**Task to carry out**. Output, word for word, the line that contains "Buy Calvin Klein" and all lines following it to the end of the listing. Drop the pictures.

**Supplied data**.

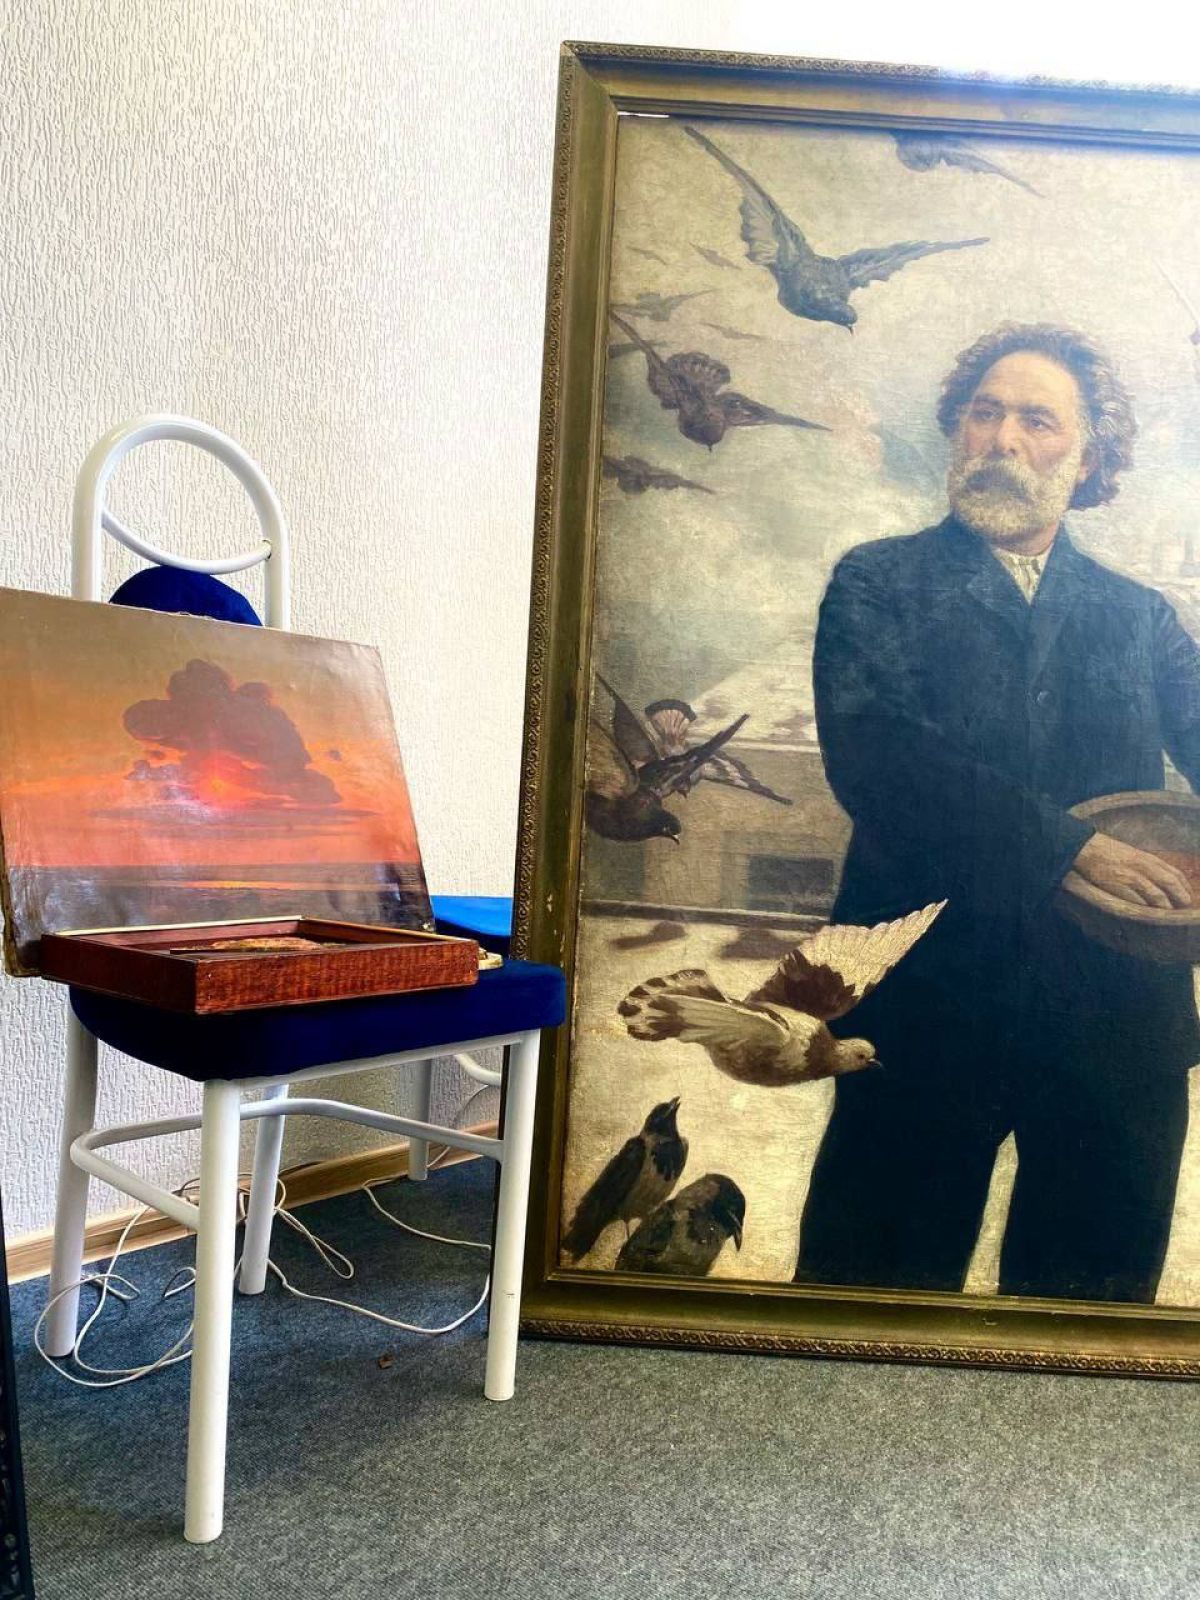 Forțele rusești ar fi confiscat peste 2.000 de opere de artă din muzeele din Mariupol, afirmă autoritățile din Ucraina (GALERIE FOTO)
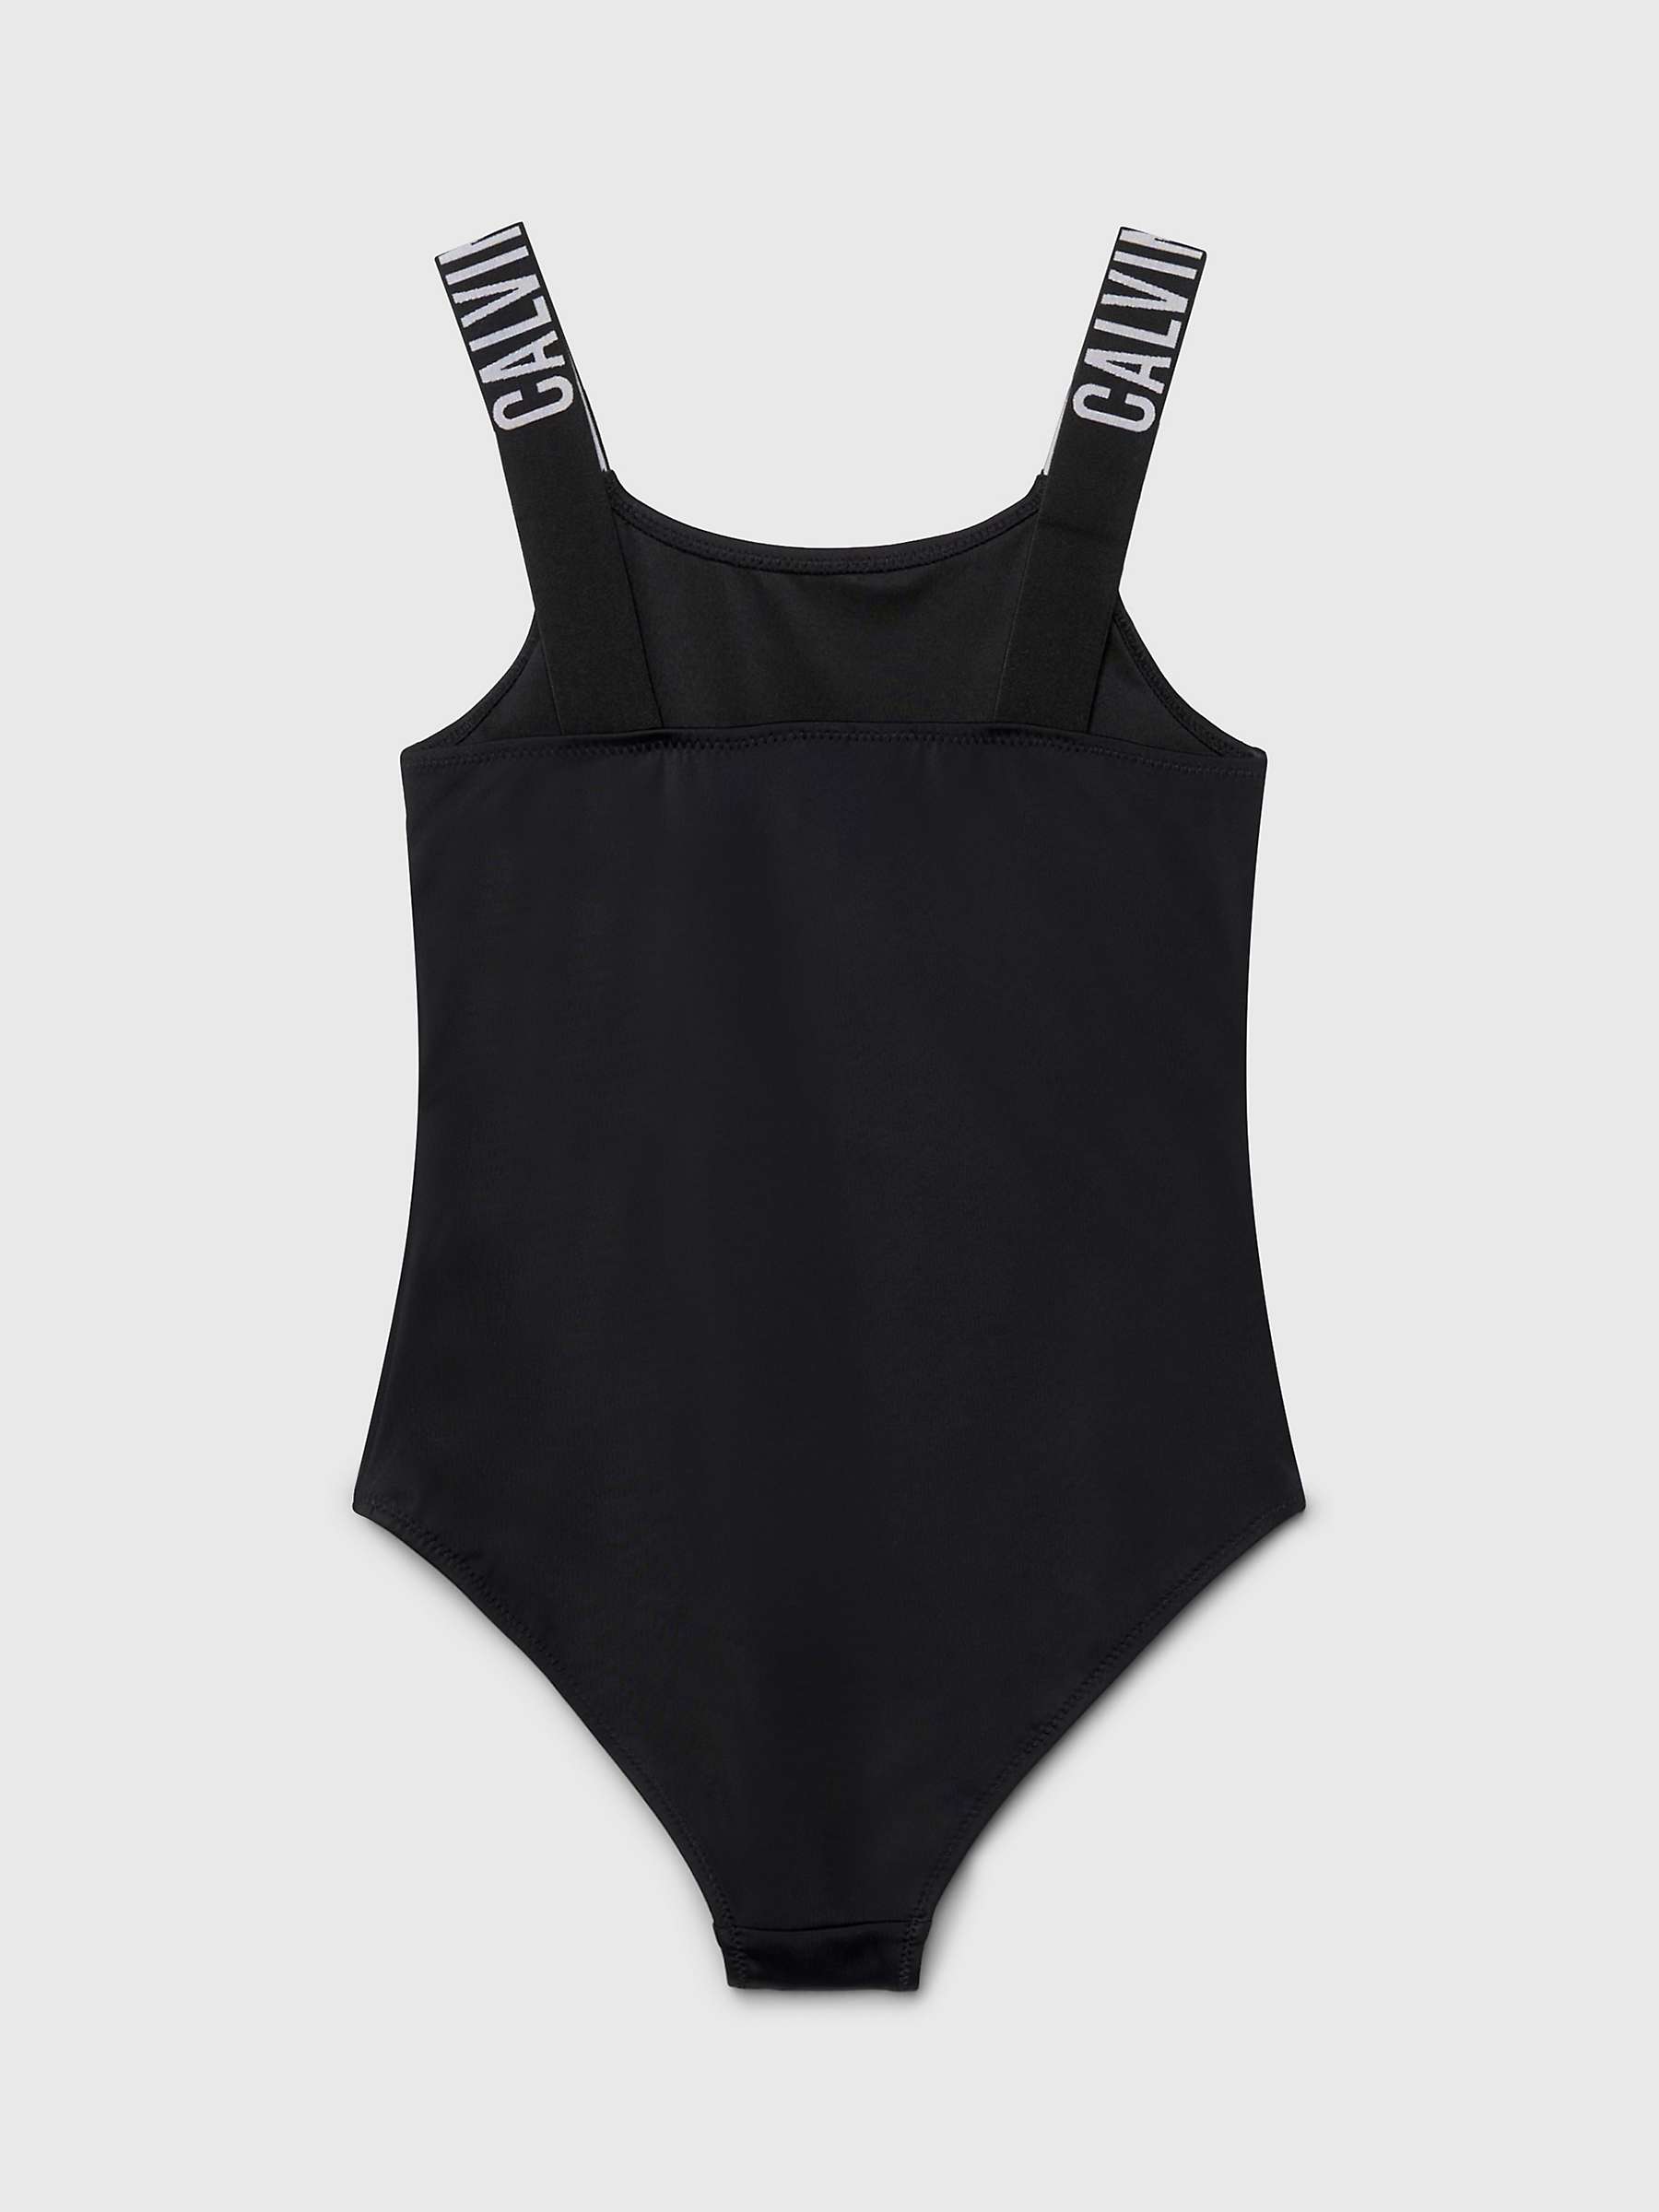 Buy Calvin Klein Kids' Logo Swimsuit, Pvh Black Online at johnlewis.com
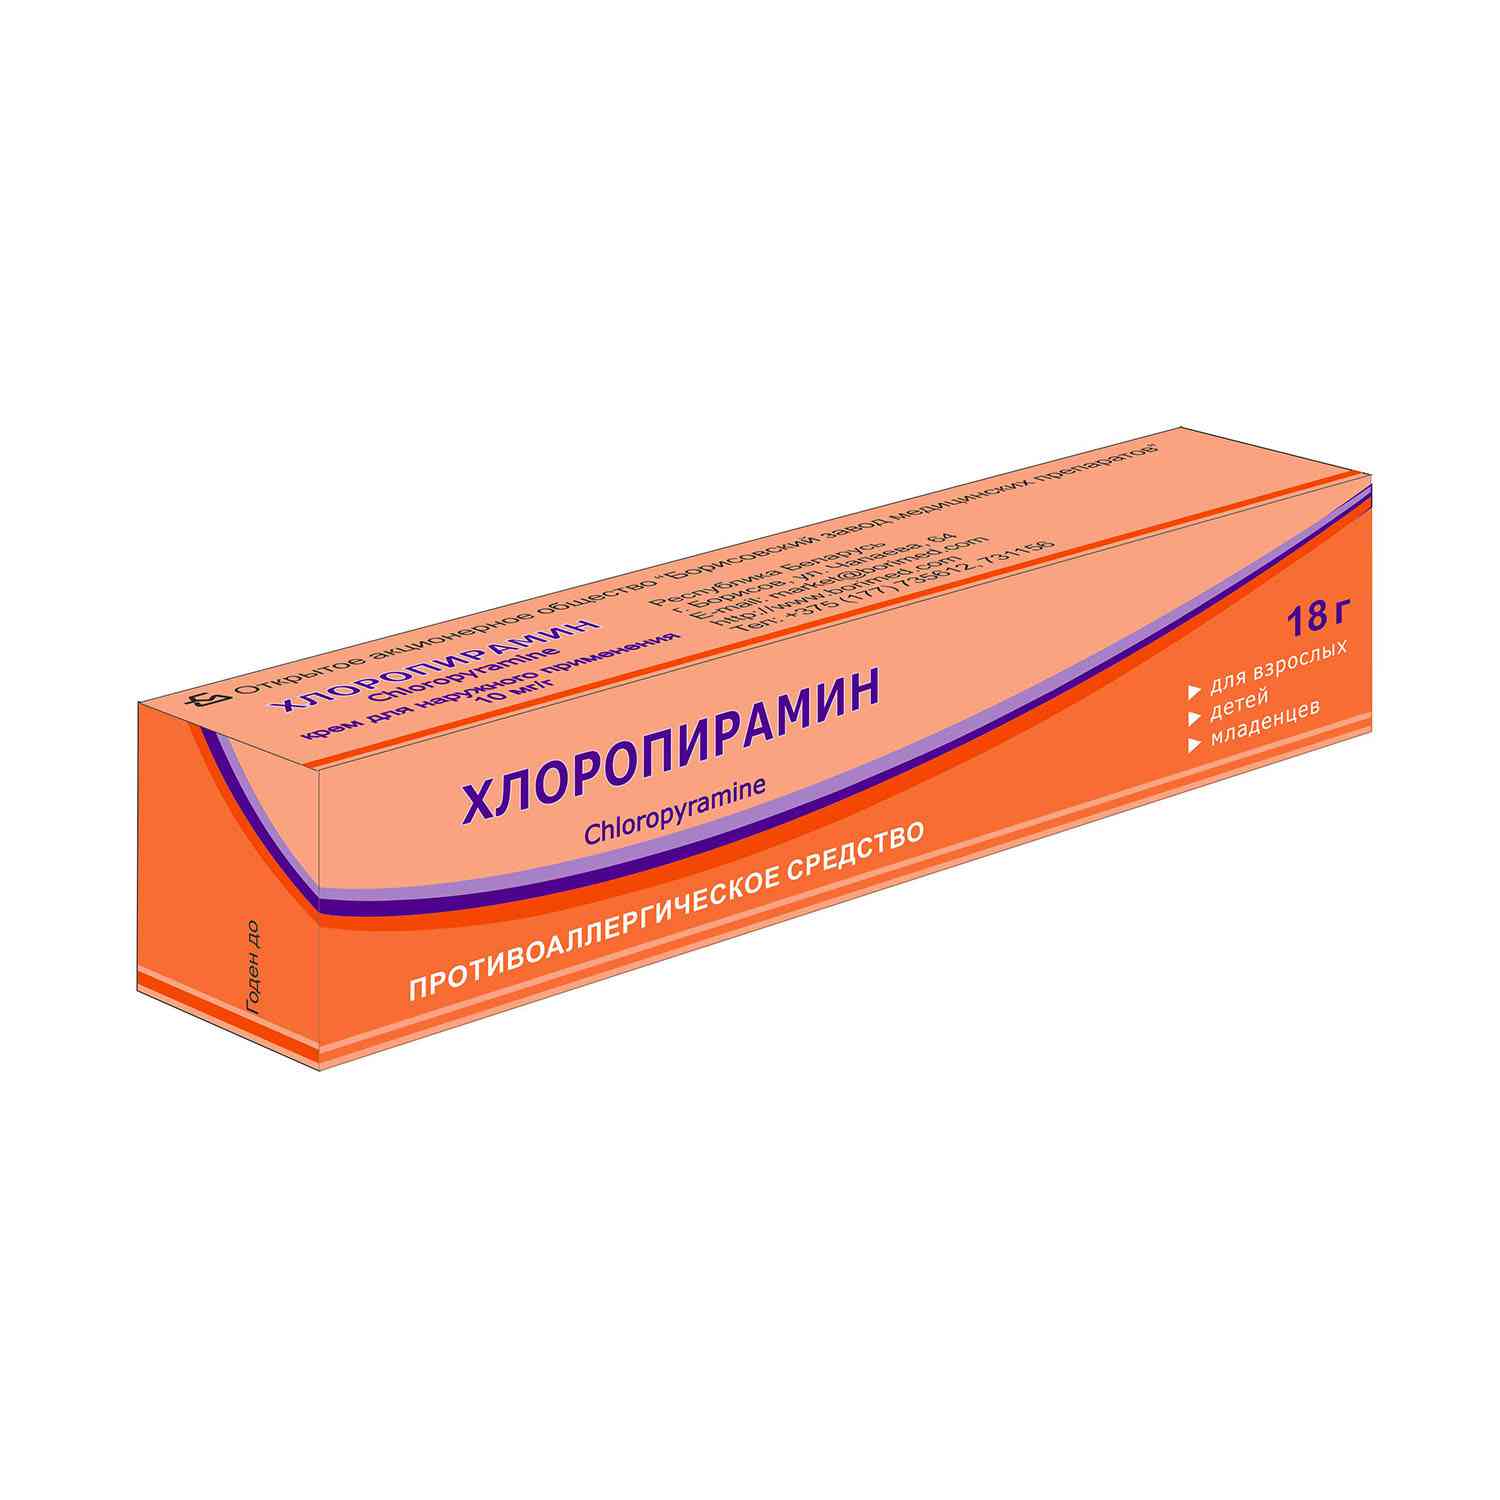 5019 ГАЙМОРИН - Comb drug

**Result**.
 Buy Calvin Klein Kids' Logo Swimsuit, Pvh Black Online at johnlewis.com
 5019 ГАЙМОРИН - Comb drug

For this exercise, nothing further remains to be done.